[What is needed] Would you write out all of the data exactly as it appears below?

######

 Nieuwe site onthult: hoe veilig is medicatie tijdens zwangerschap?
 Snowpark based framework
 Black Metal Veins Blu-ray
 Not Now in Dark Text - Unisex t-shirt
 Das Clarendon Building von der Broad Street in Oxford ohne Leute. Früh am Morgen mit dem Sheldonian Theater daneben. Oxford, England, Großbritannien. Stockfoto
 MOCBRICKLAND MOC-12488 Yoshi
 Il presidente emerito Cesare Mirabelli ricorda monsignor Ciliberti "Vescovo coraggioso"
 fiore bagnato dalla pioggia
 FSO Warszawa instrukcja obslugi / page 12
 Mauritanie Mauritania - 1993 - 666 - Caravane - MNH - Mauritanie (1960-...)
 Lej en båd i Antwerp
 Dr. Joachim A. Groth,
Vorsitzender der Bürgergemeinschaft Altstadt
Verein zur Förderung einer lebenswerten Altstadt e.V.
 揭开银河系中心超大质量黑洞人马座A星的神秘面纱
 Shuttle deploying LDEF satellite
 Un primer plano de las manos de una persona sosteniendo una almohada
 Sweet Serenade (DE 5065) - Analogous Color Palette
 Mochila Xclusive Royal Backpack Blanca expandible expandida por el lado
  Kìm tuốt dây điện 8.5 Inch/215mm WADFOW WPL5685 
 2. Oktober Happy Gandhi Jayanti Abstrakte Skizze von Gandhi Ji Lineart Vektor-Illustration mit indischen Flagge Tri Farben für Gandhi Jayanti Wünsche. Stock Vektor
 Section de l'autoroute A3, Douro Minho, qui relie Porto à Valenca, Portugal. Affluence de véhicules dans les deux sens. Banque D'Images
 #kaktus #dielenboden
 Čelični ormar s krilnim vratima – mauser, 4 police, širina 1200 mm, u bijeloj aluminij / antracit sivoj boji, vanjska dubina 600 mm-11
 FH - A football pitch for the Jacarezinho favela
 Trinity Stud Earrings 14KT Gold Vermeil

######

[Response below]
 Nieuwe site onthult: hoe veilig is medicatie tijdens zwangerschap?
 Snowpark based framework
 Black Metal Veins Blu-ray
 Not Now in Dark Text - Unisex t-shirt
 Das Clarendon Building von der Broad Street in Oxford ohne Leute. Früh am Morgen mit dem Sheldonian Theater daneben. Oxford, England, Großbritannien. Stockfoto
 MOCBRICKLAND MOC-12488 Yoshi
 Il presidente emerito Cesare Mirabelli ricorda monsignor Ciliberti "Vescovo coraggioso"
 fiore bagnato dalla pioggia
 FSO Warszawa instrukcja obslugi / page 12
 Mauritanie Mauritania - 1993 - 666 - Caravane - MNH - Mauritanie (1960-...)
 Lej en båd i Antwerp
 Dr. Joachim A. Groth,
Vorsitzender der Bürgergemeinschaft Altstadt
Verein zur Förderung einer lebenswerten Altstadt e.V.
 揭开银河系中心超大质量黑洞人马座A星的神秘面纱
 Shuttle deploying LDEF satellite
 Un primer plano de las manos de una persona sosteniendo una almohada
 Sweet Serenade (DE 5065) - Analogous Color Palette
 Mochila Xclusive Royal Backpack Blanca expandible expandida por el lado
  Kìm tuốt dây điện 8.5 Inch/215mm WADFOW WPL5685 
 2. Oktober Happy Gandhi Jayanti Abstrakte Skizze von Gandhi Ji Lineart Vektor-Illustration mit indischen Flagge Tri Farben für Gandhi Jayanti Wünsche. Stock Vektor
 Section de l'autoroute A3, Douro Minho, qui relie Porto à Valenca, Portugal. Affluence de véhicules dans les deux sens. Banque D'Images
 #kaktus #dielenboden
 Čelični ormar s krilnim vratima – mauser, 4 police, širina 1200 mm, u bijeloj aluminij / antracit sivoj boji, vanjska dubina 600 mm-11
 FH - A football pitch for the Jacarezinho favela
 Trinity Stud Earrings 14KT Gold Vermeil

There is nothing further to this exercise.